**WORK TASK**
Give the listing again, word for word, and let no picture into it.

**DATA SHOWN**
== Segment start ==
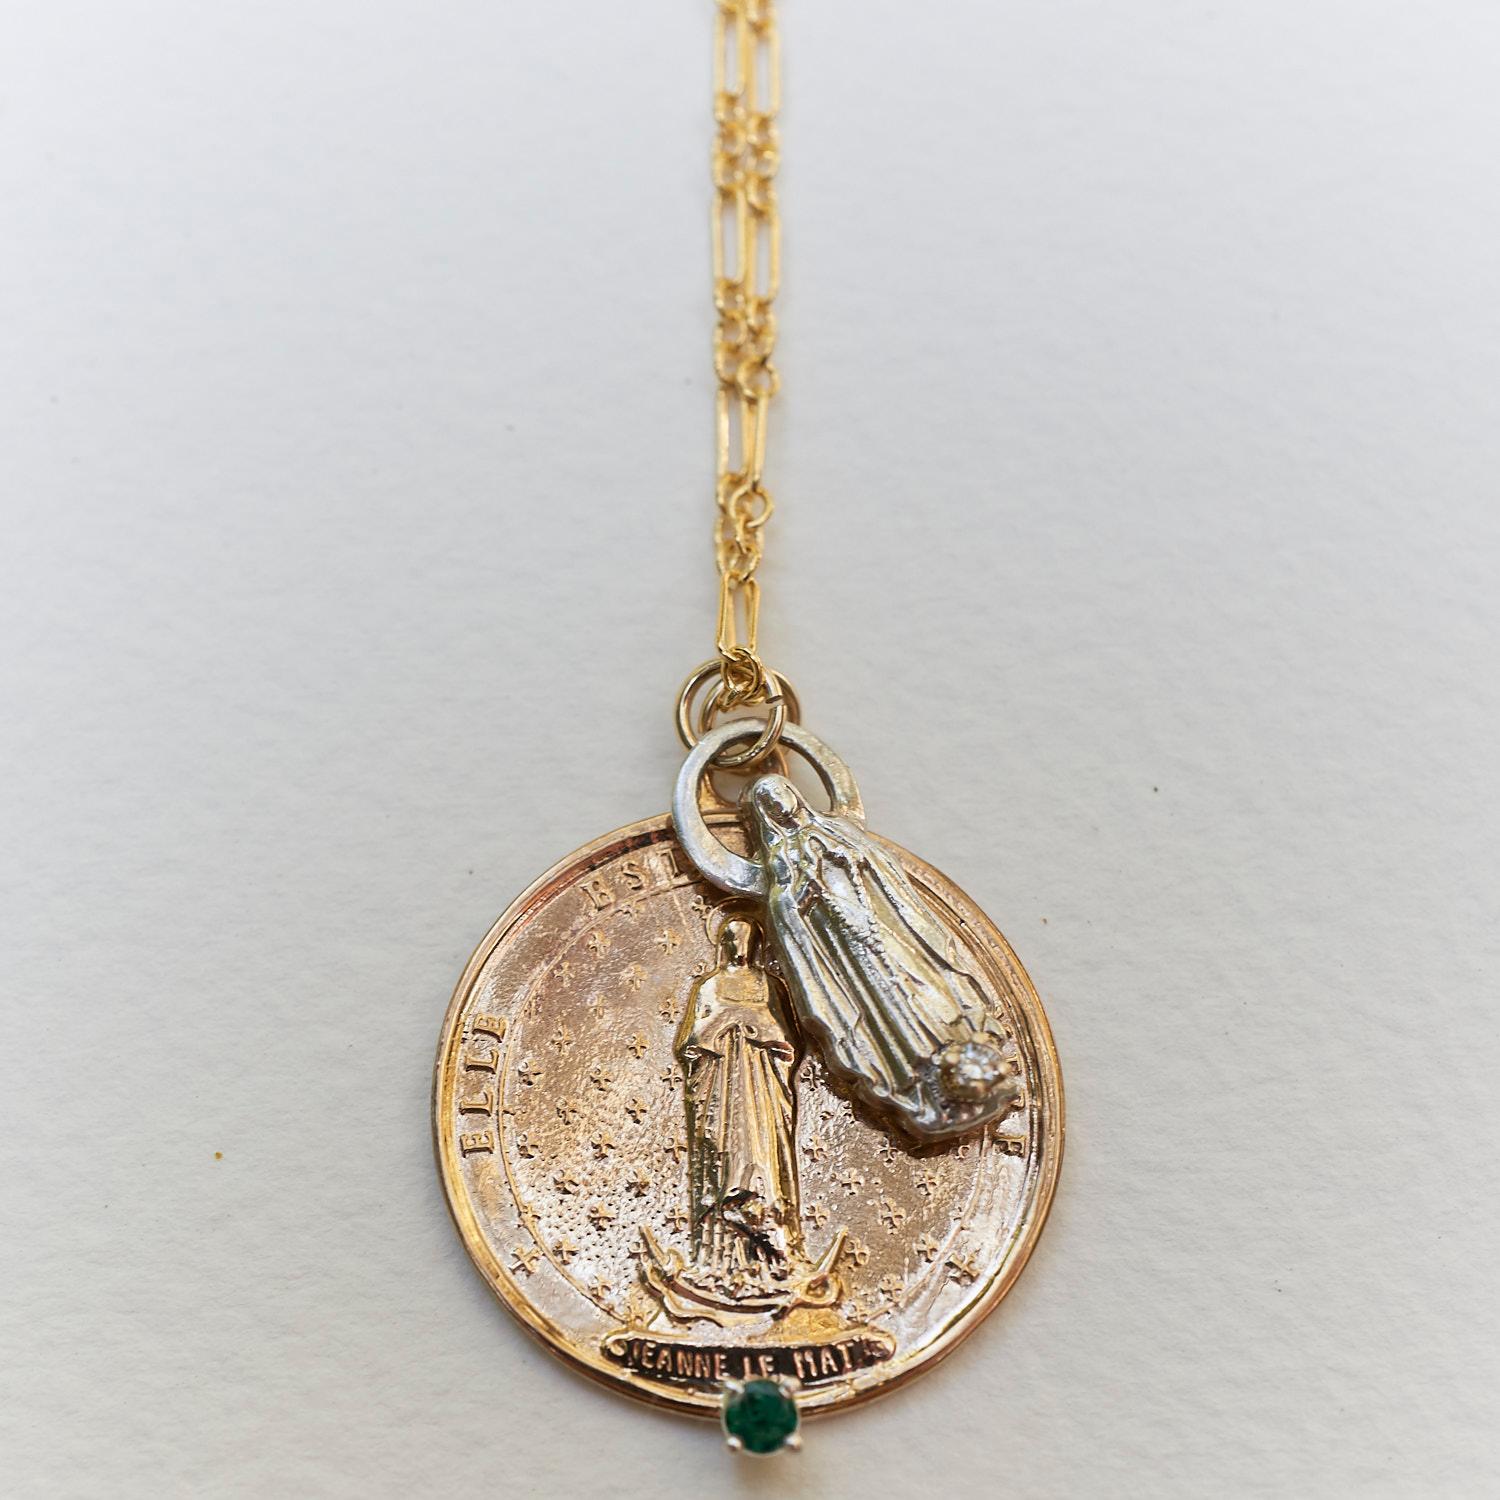 Emerald White Diamond Chunky Chain 24' Long Necklace Medals Silver Bronze J Dauphin 

French Spiritual Medal Pendant with Jeanne Le Mat in Bronze Embellished with a Green Emerald and combined with a solid Silver Pendant Virgin Mary Figurine with a
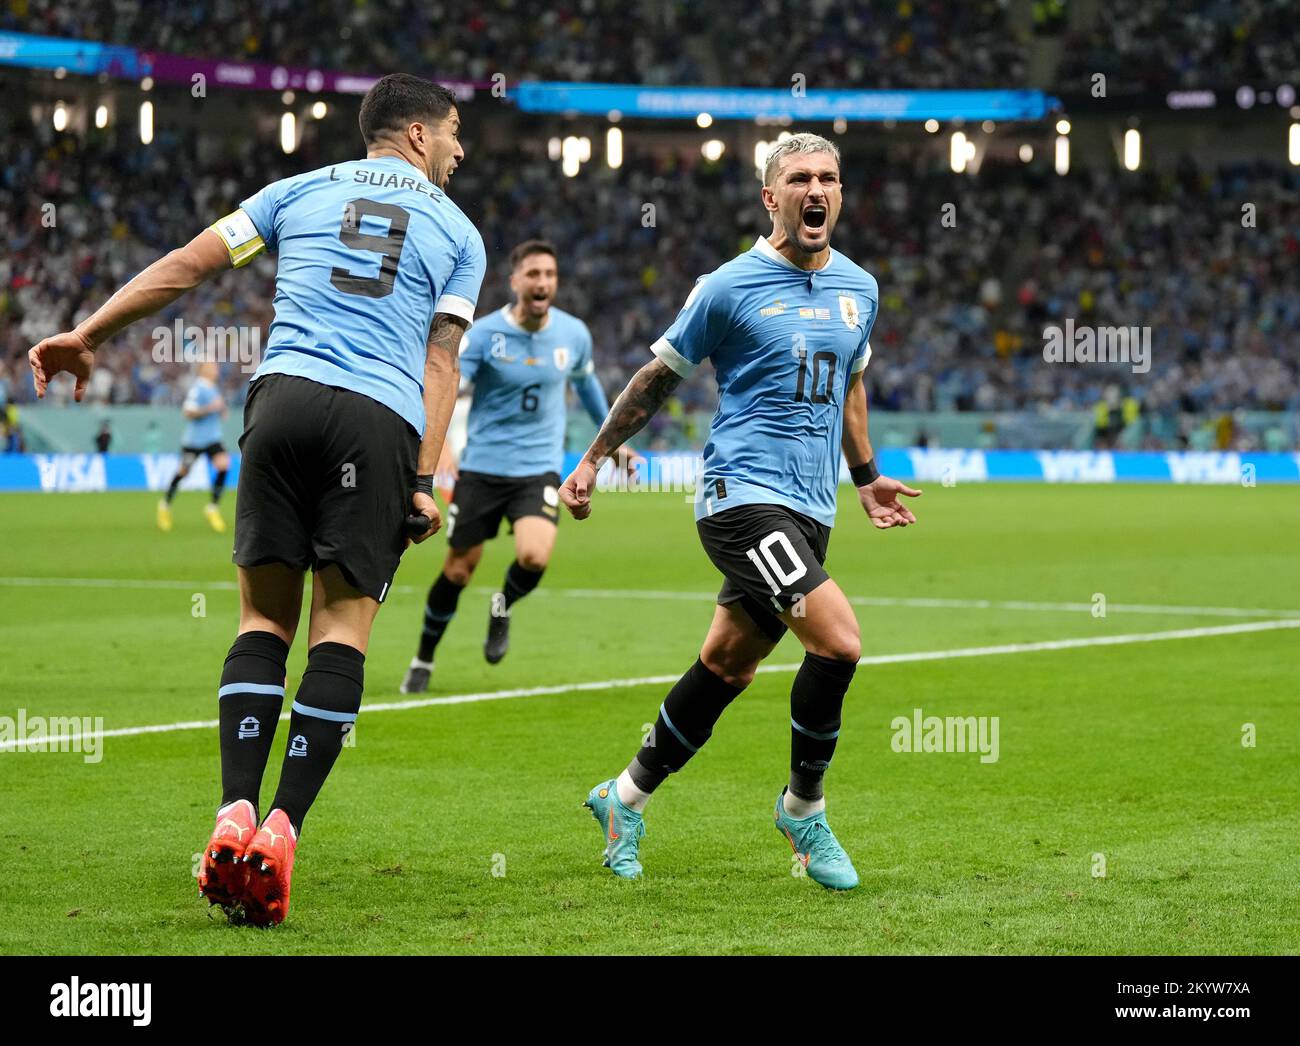 Uruguay's Giorgian de Arrascaeta (right) celebrates scoring their side's second goal of the game with teammate Luis Suarez during the FIFA World Cup Group H match at the Al Janoub Stadium in Al-Wakrah, Qatar. Picture date: Friday December 2, 2022. Stock Photo
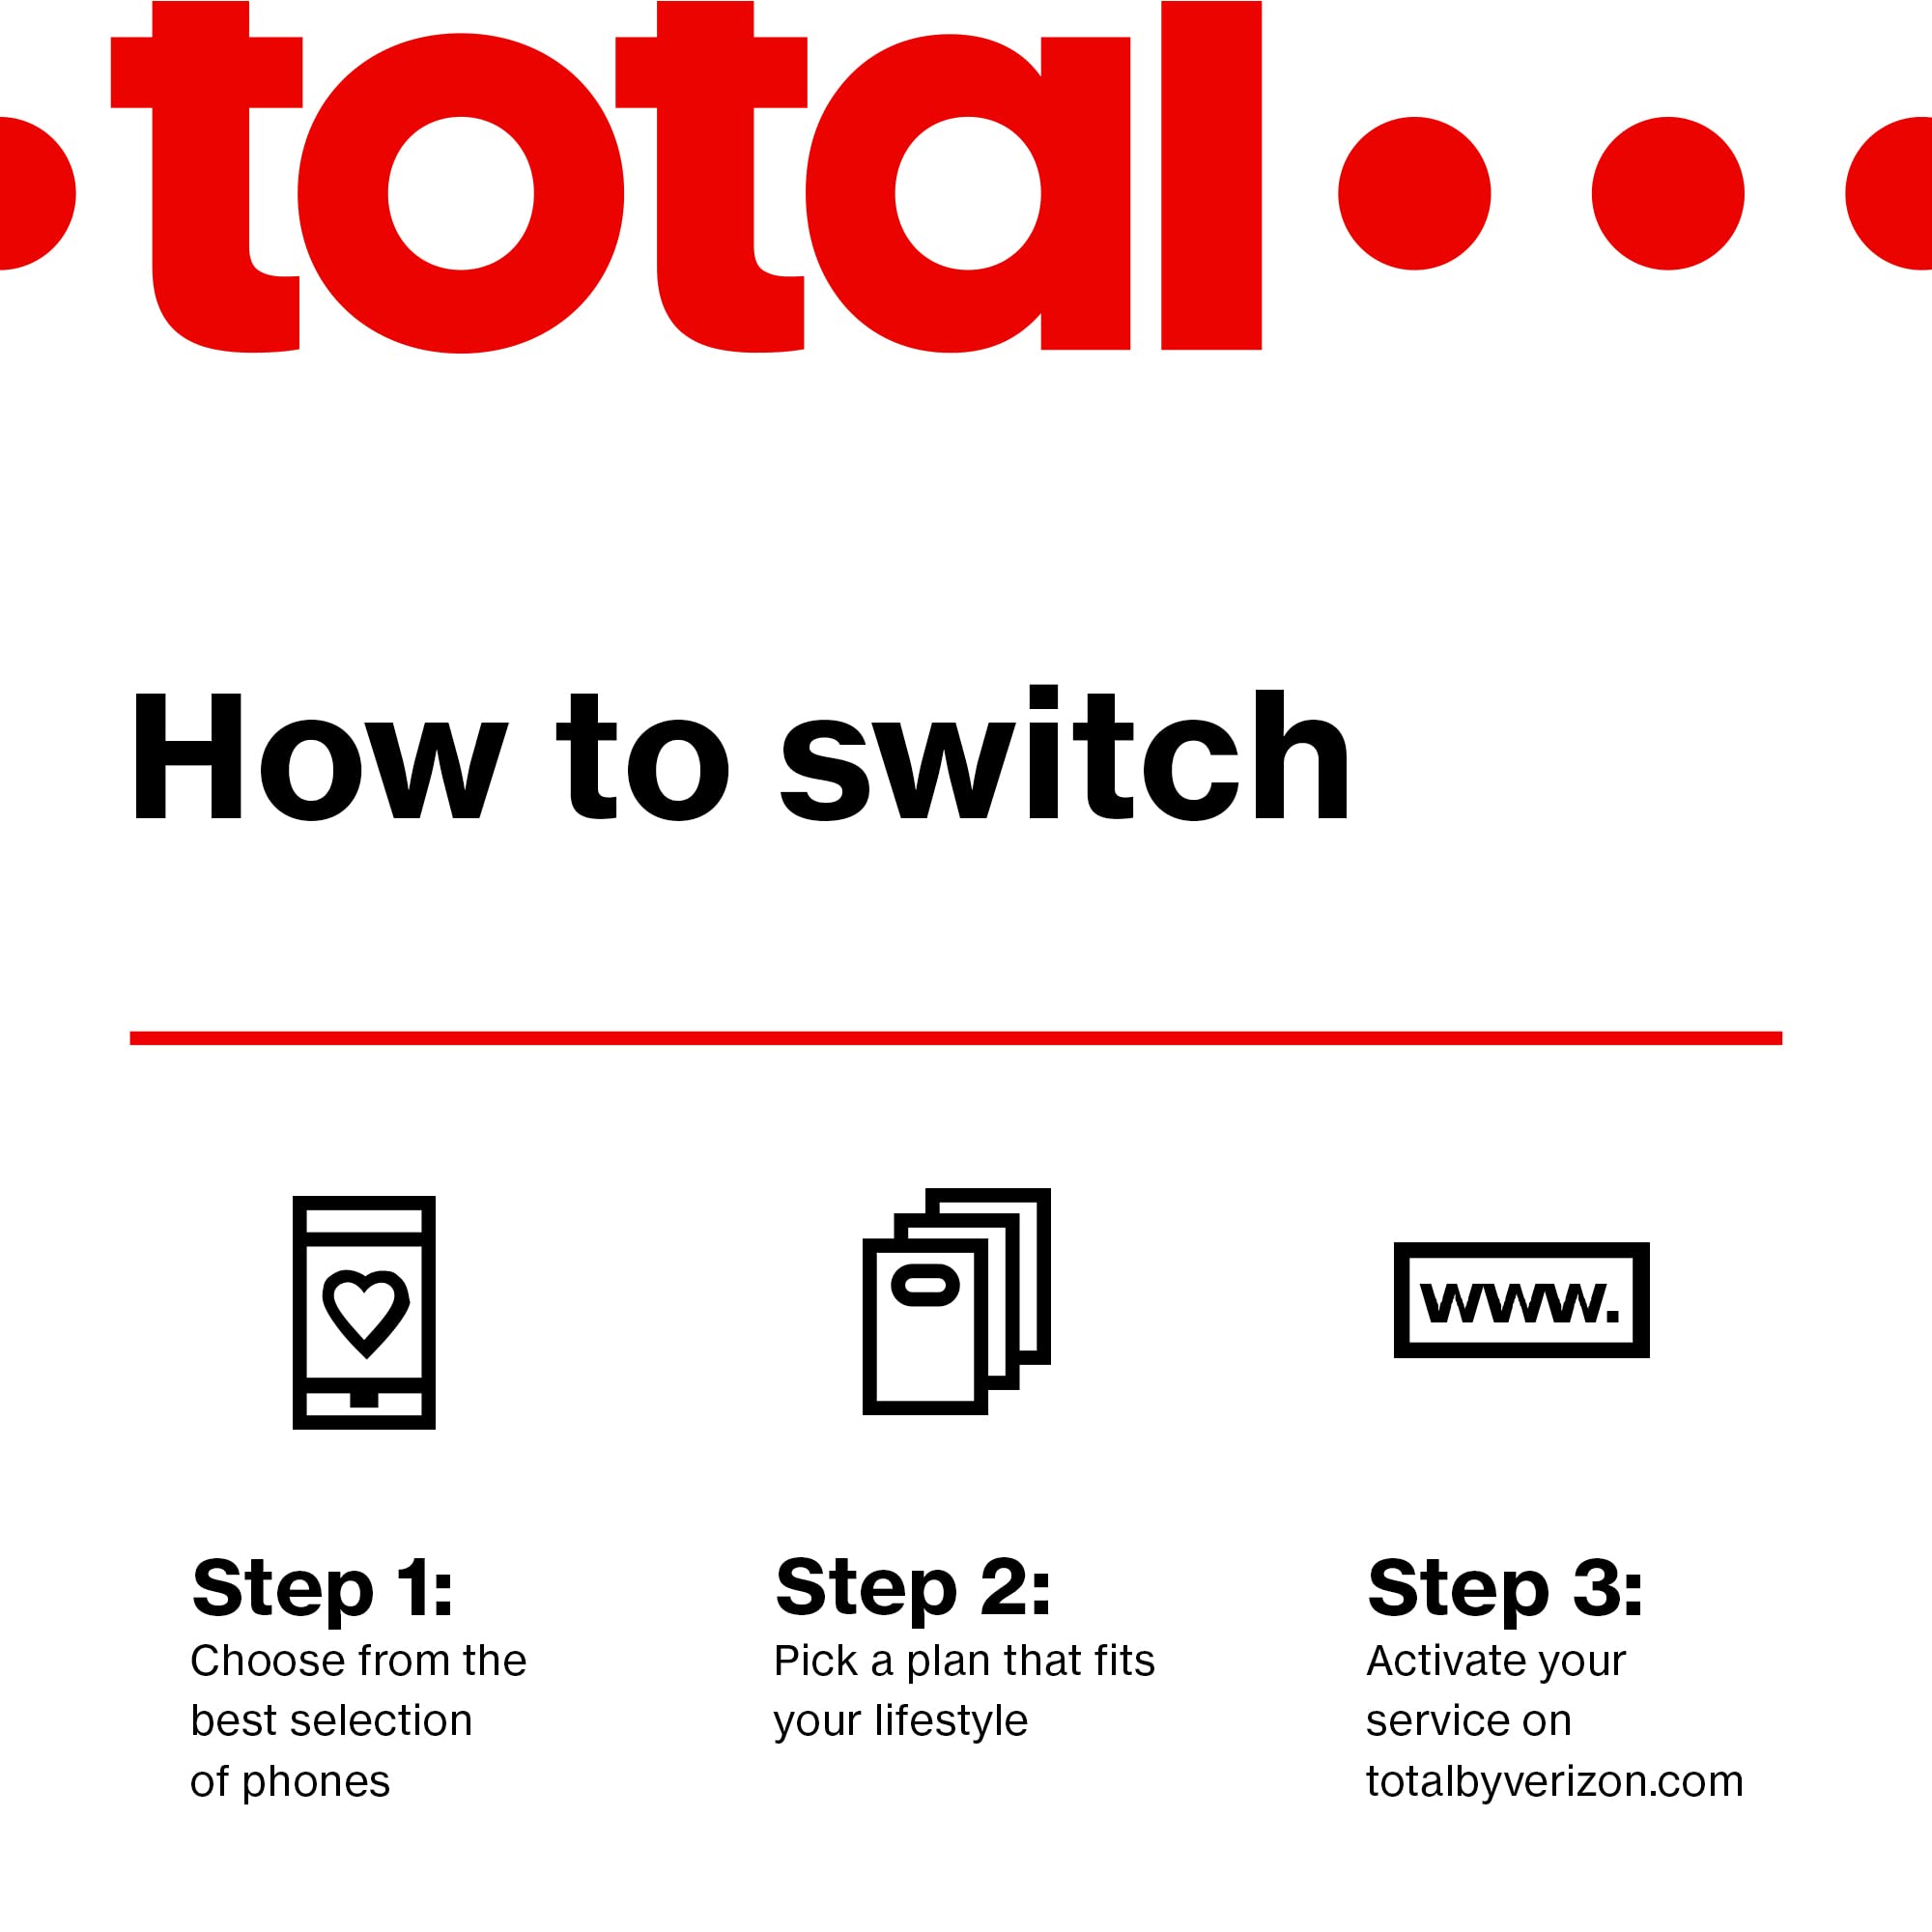 Total by Verizon $50 - Unlimited Talk and Text, 5G Data and HS/Monthly
== Segment end ==
**PROBLEM SOLUTION**
 Emerald White Diamond Chunky Chain 24' Long Necklace Medals Silver Bronze J Dauphin 

French Spiritual Medal Pendant with Jeanne Le Mat in Bronze Embellished with a Green Emerald and combined with a solid Silver Pendant Virgin Mary Figurine with a
 Uruguay's Giorgian de Arrascaeta (right) celebrates scoring their side's second goal of the game with teammate Luis Suarez during the FIFA World Cup Group H match at the Al Janoub Stadium in Al-Wakrah, Qatar. Picture date: Friday December 2, 2022. Stock Photo
 Total by Verizon $50 - Unlimited Talk and Text, 5G Data and HS/Monthly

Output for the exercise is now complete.